Capitalism – a system of growth and waste
This is an edited version of Ian Angus’ opening remarks at the Socialist Resistance and Green Left Climate and Capital event. Videos of the event, including Ian’s contribution can be found here.
Writing in the 1930s when Nazi barbarism was in the rise, the Marxist philosopher and literary critic Walter Benjamin said: “Marx says that revolutions are the locomotives of world history. But the situation may be quite different. Perhaps revolutions are not the train ride, but the human race grabbing for the emergency brake.”
That’s a powerful metaphor, one that brilliantly sums up the task facing us in the twenty-first century. Capitalism is driving at break-neck speed towards a precipice, towards an ecological catastrophe of unequalled proportions. The science is clear — business as usual is not an option. If nothing is done, then even the most optimistic best-case scenarios predict massive death and destruction.
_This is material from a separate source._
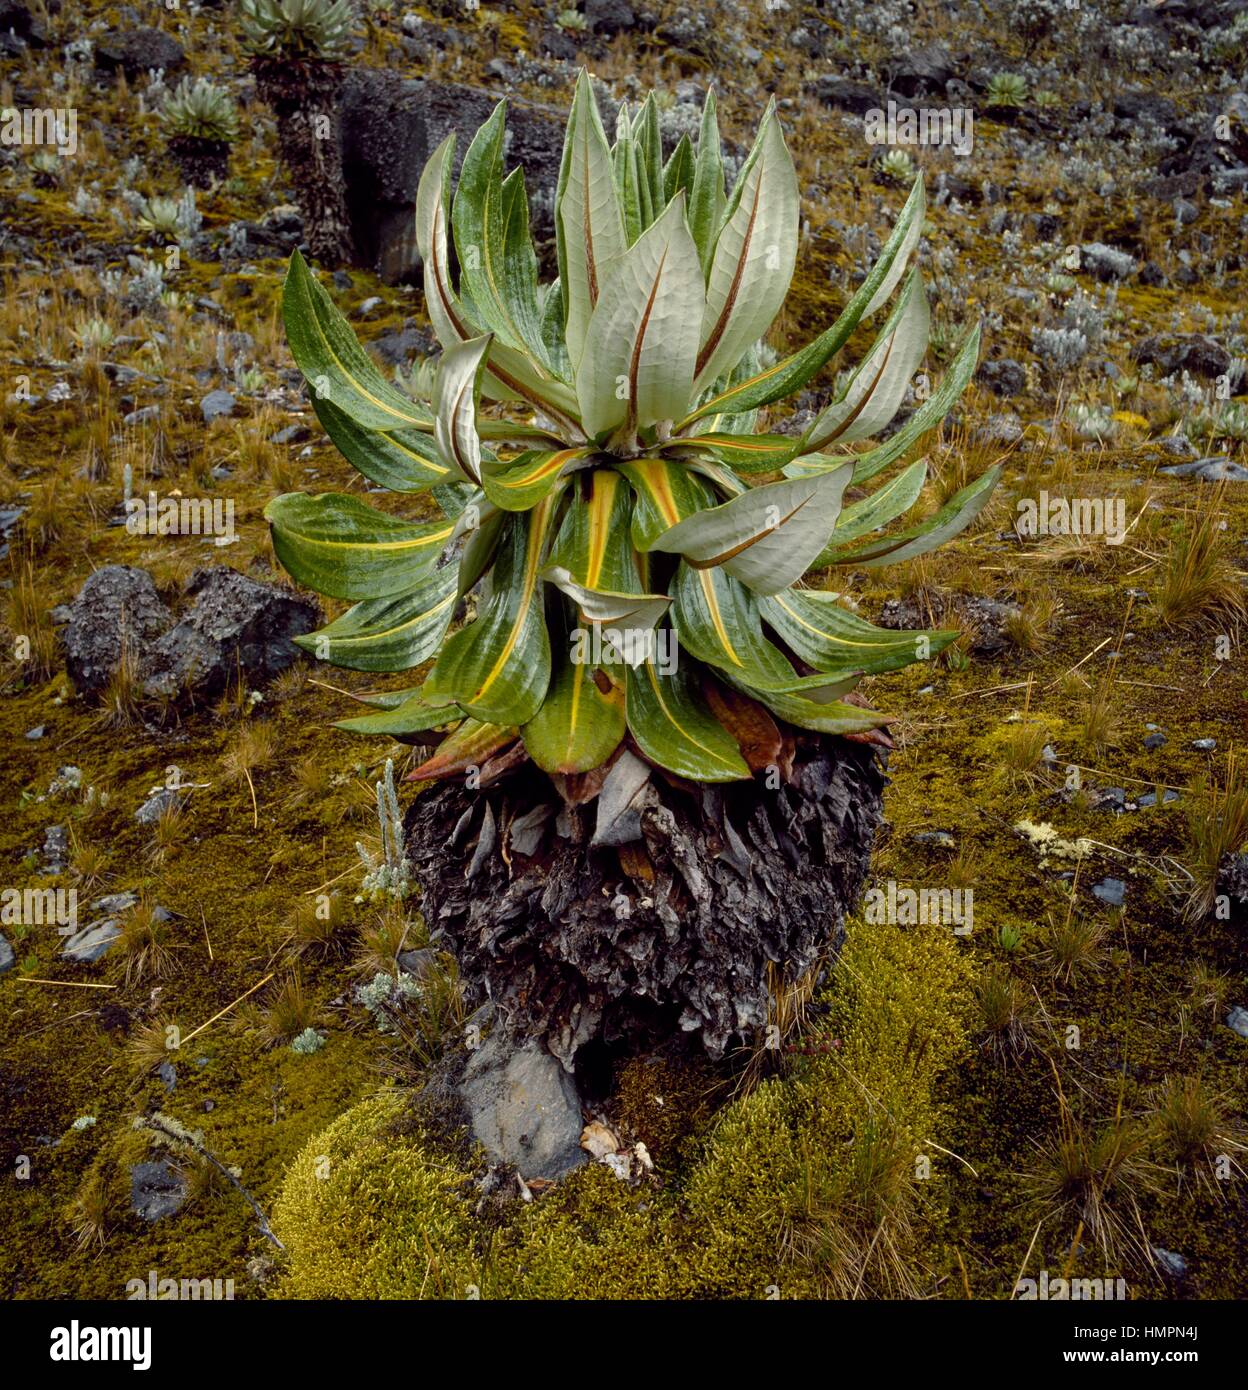 Groundsel or ragwort (Senecio sp), Asteraceae, Virunga National Park, Democratic Republic of the Congo. Stock Photo
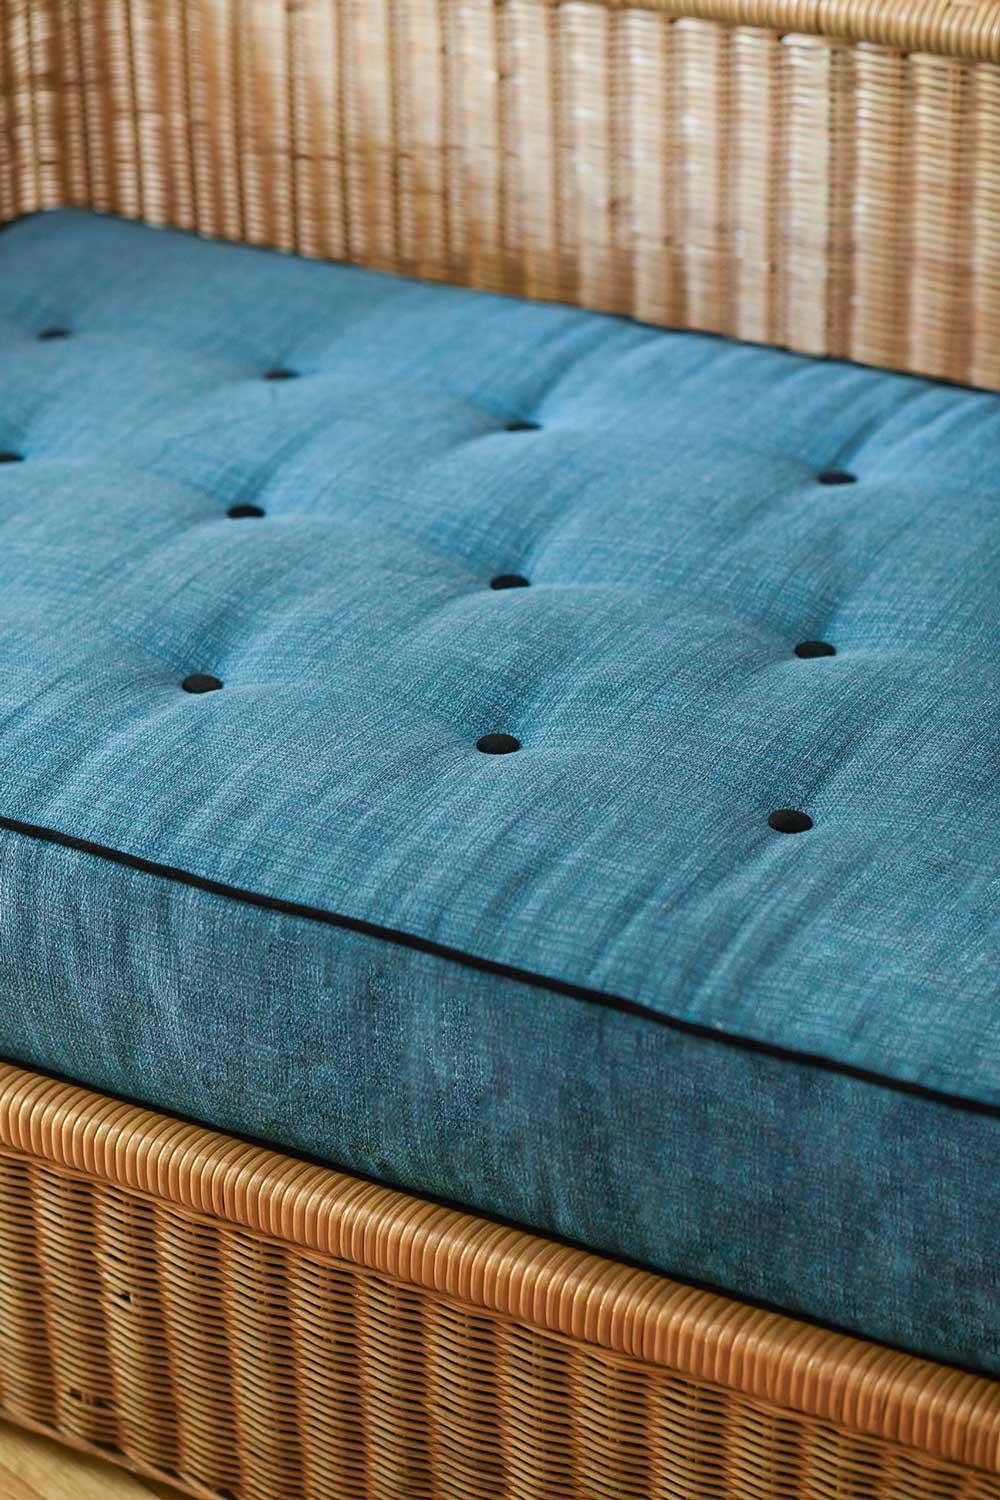 Italian Wicker sofa complete with cushion

There is no higher calling, no more important cause for you to devote your lives to, than taking control of the train and slamming on the brakes.
We know what the problem is. We know what needs to be done. So why do our rulers seem determined to leave our children and theirs a world of poisoned air and water, a world of floods and droughts and escalating climate disasters? Why have they repeatedly sabotaged even half-hearted measures to cut greenhouse gas emissions?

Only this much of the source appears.